There is disagreement among AI researchers about what the risk of AI may be, when that risk could arise, and whether AI could pose an existential risk, but few researchers would suggest that AI poses no risk. Even today, we’re seeing signs of narrow AI exacerbating problems of discrimination and job loss, and if we don’t take proper precautions, we can expect problems to worsen, affecting more people as AI grows smarter and more complex.
The number of AI researchers who signed the Asilomar Principles ― as well as the open letters regarding developing beneficial AI and opposing lethal autonomous weapons ― shows that there is strong consensus among researchers that we need to do more to understand and address the known and potential risks of AI.
Some of the principles that AI researchers signed directly relate to Musk’s statements, including:
3) Science Policy Link: There should be constructive and healthy exchange between AI researchers and policy-makers.
4) Research Culture: A culture of cooperation, trust and transparency should be fostered among researchers and developers of AI.
5) Race Avoidance: Teams developing AI systems should actively cooperate to avoid corner-cutting on safety standards.
20) Importance: Advanced AI could represent a profound change in the history of life on Earth, and should be planned for and managed with commensurate care and resources.
21) Risks: Risks posed by AI systems, especially catastrophic or existential risks, must be subject to planning and mitigation efforts commensurate with their expected impact.
The right policy and governance solutions could help align AI development with these principles, as well as encourage interdisciplinary dialogue on how that may be achieved.
The recently founded Partnership on AI, which includes the leading AI industry players, similarly endorses the idea of principled AI development ― their founding document states that “where AI tools are used to supplement or replace human decision-making, we must be sure that they are safe, trustworthy and aligned with the ethics and preferences of people who are influenced by their actions.”
“Government officials need to learn about and understand how AI could impact their constituents.”
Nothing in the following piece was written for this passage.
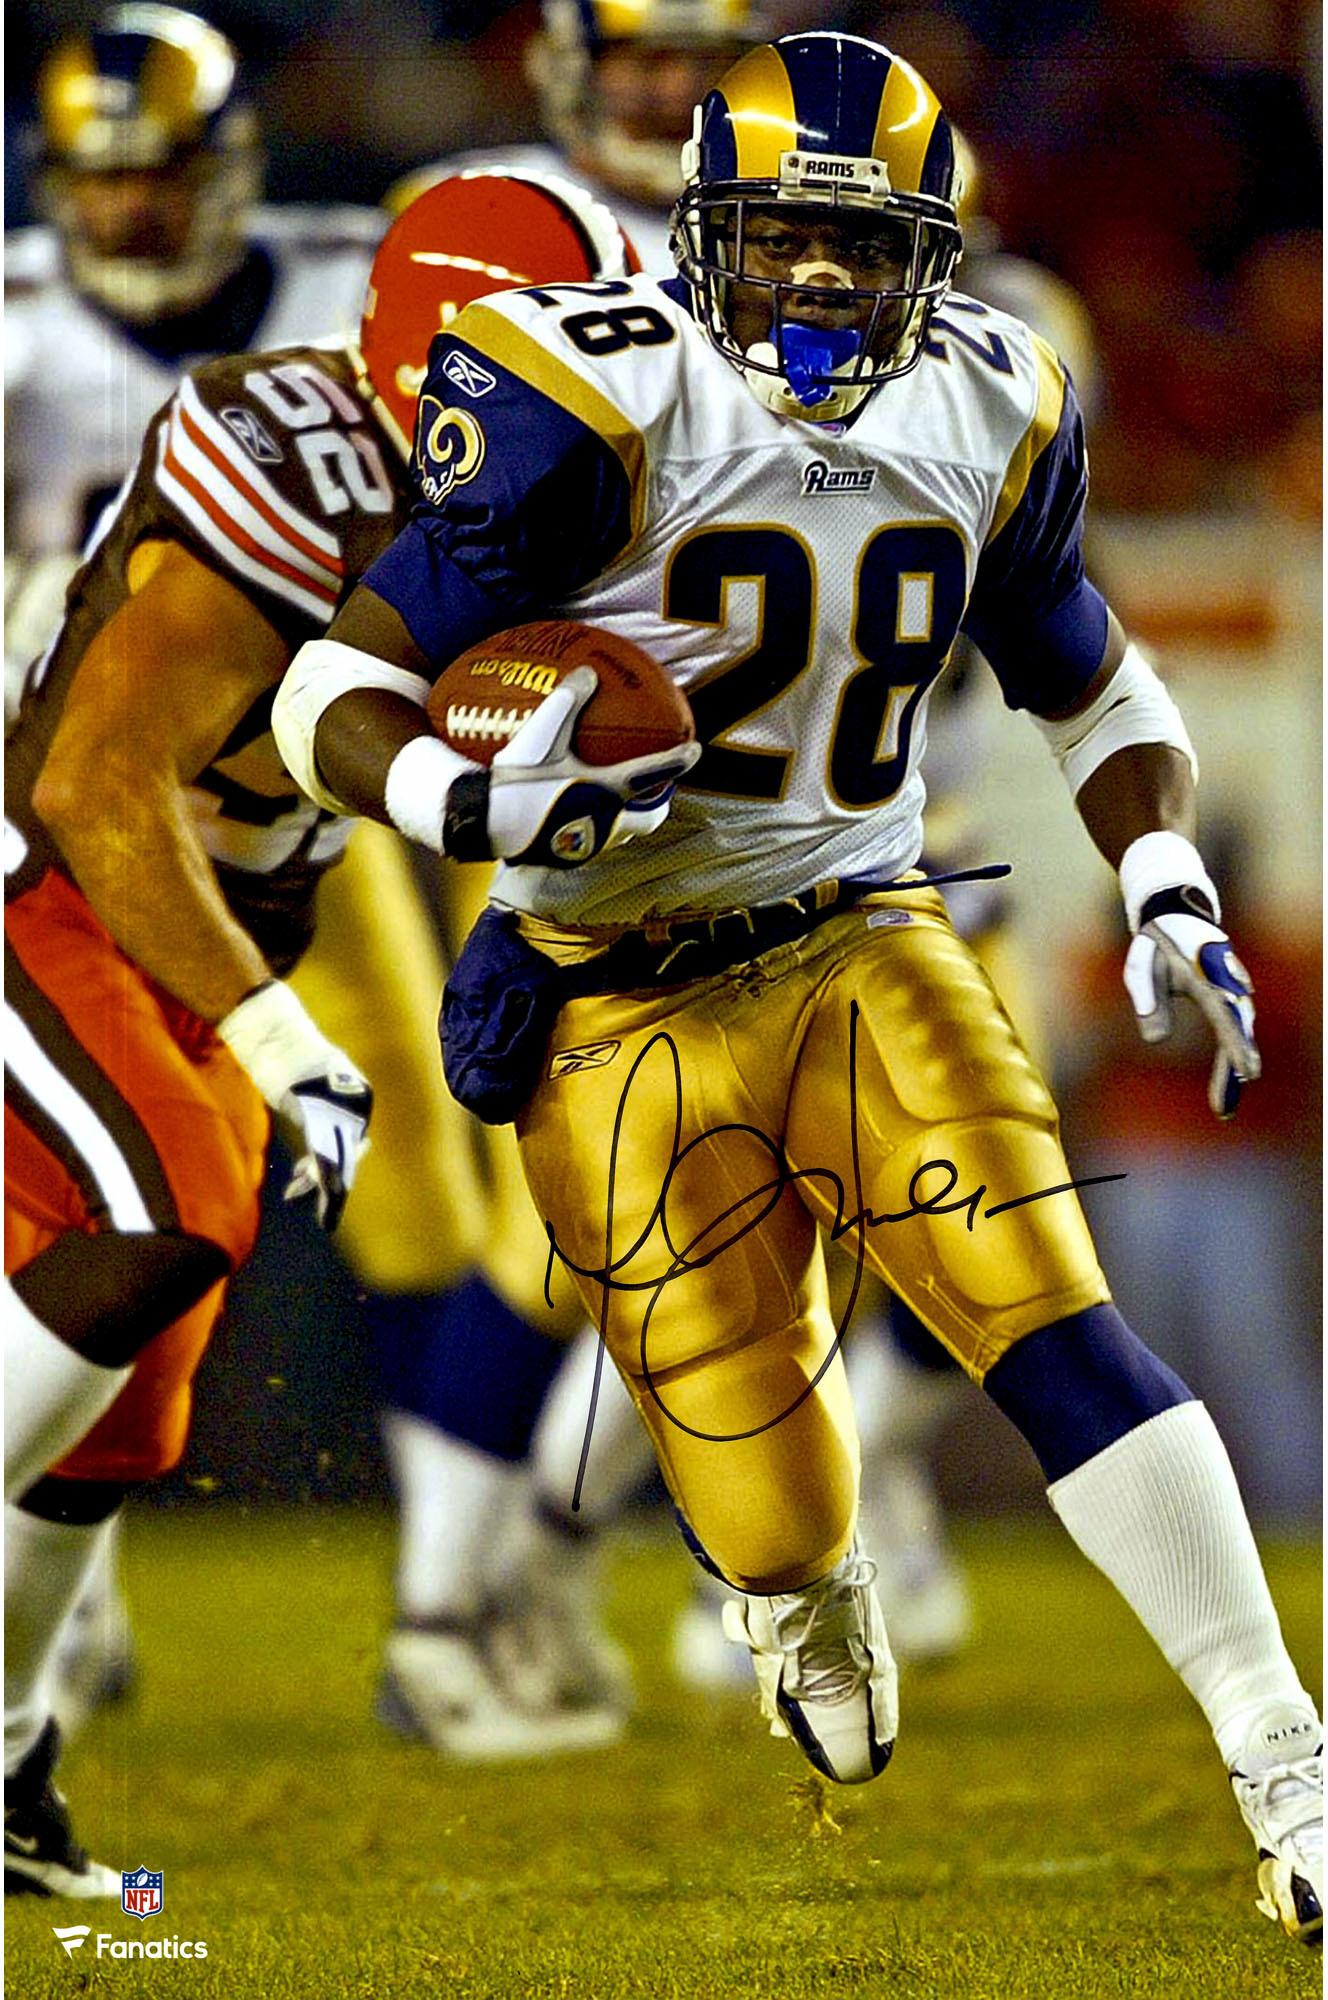 Marshall Faulk St. Louis Rams Autographed 16 x 20 Running Photograph Authentic Certified

And as Musk suggests, the very first step needs to be increasing awareness about AI’s implications among government officials. Automated vehicles, for example, are expected to eliminate millions of jobs, which will affect nearly every governor who attended the talk (assuming they’re still in office), yet the topic rarely comes up in political discussion.
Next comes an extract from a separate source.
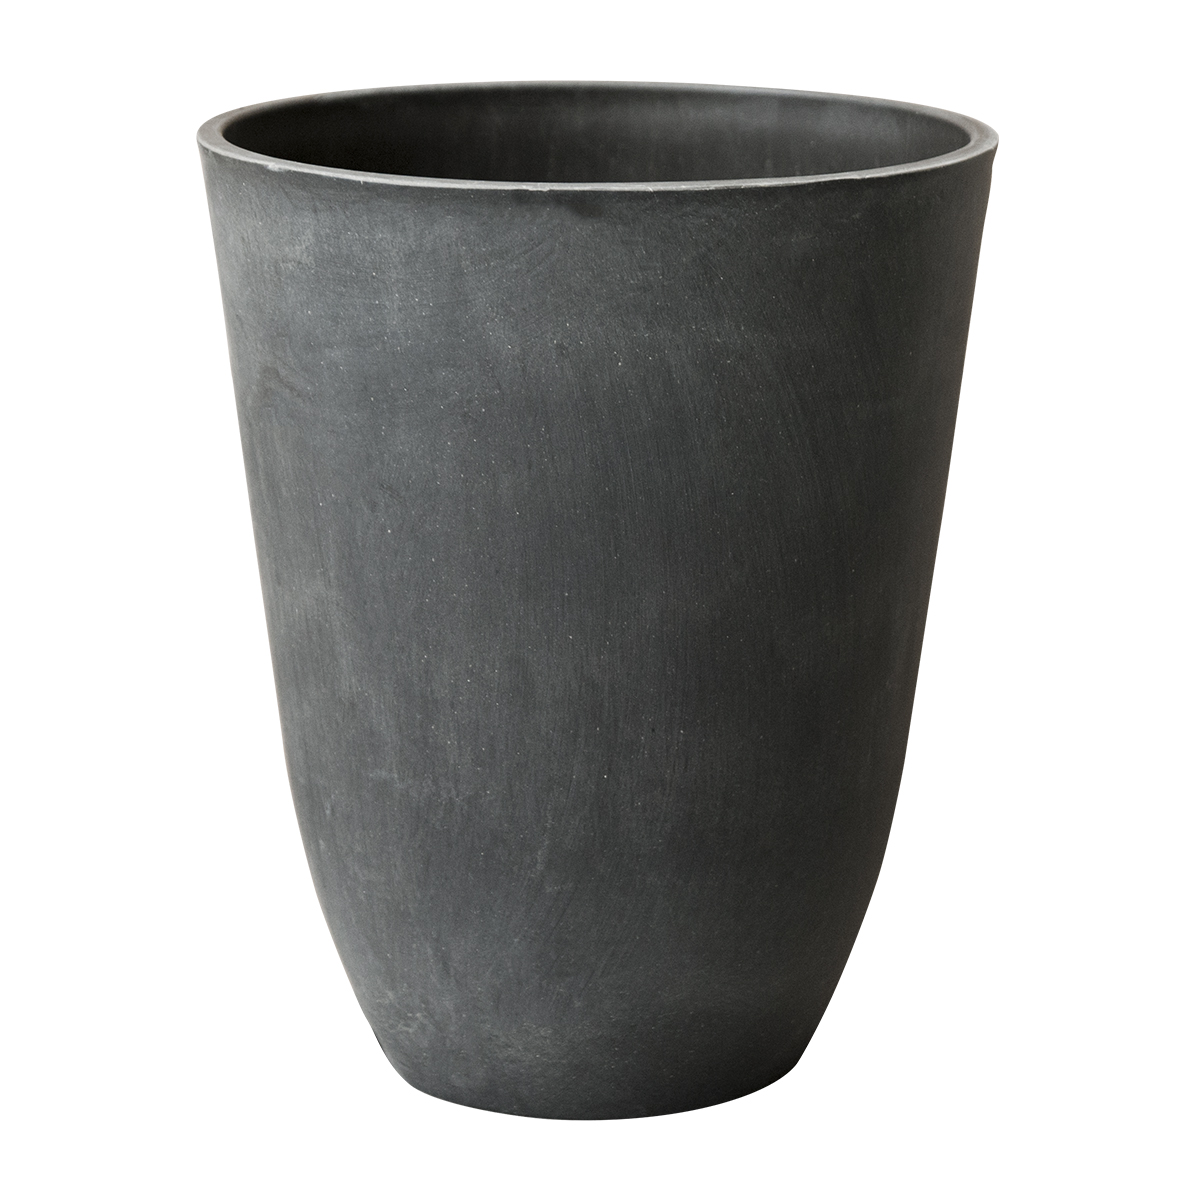 Tall Cement Effect Lightweight Recycled Plastic Planter Pots

AI researchers are excited ― and rightly so ― about the incredible potential of AI to improve our health and well-being: it’s why most of them joined the field in the first place. But there are legitimate concerns about the possible misuse and/or poor design of AI, especially as we move toward advanced and more general AI.
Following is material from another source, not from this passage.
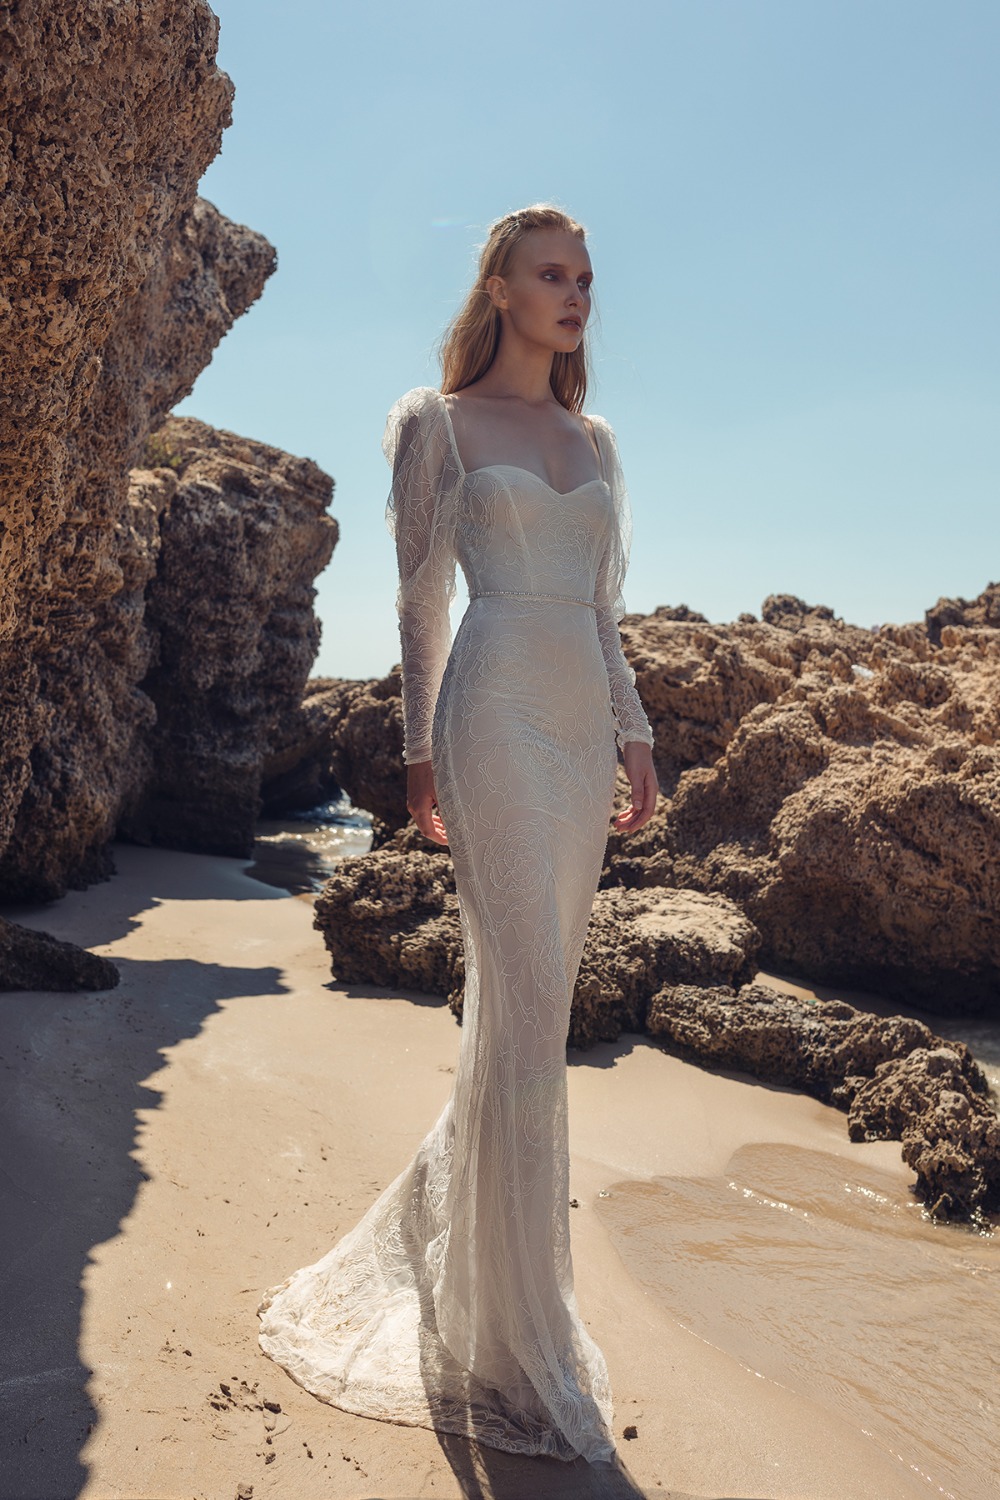 slinky gown with dramatic puffed sleeves by Lilium

Because these problems threaten society as a whole, they can’t be left to a small group of researchers to address. At the very least, government officials need to learn about and understand how AI could impact their constituents, as well as how more AI safety research could help us solve these problems before they arise.
Instead of focusing on whether regulations would be good or bad, we should lay the foundations for constructive regulation in the future by helping our policy-makers understand the realities and implications of AI progress. Let’s ask ourselves: how can we ensure that AI remains beneficial for all, and who needs to be involved in that effort?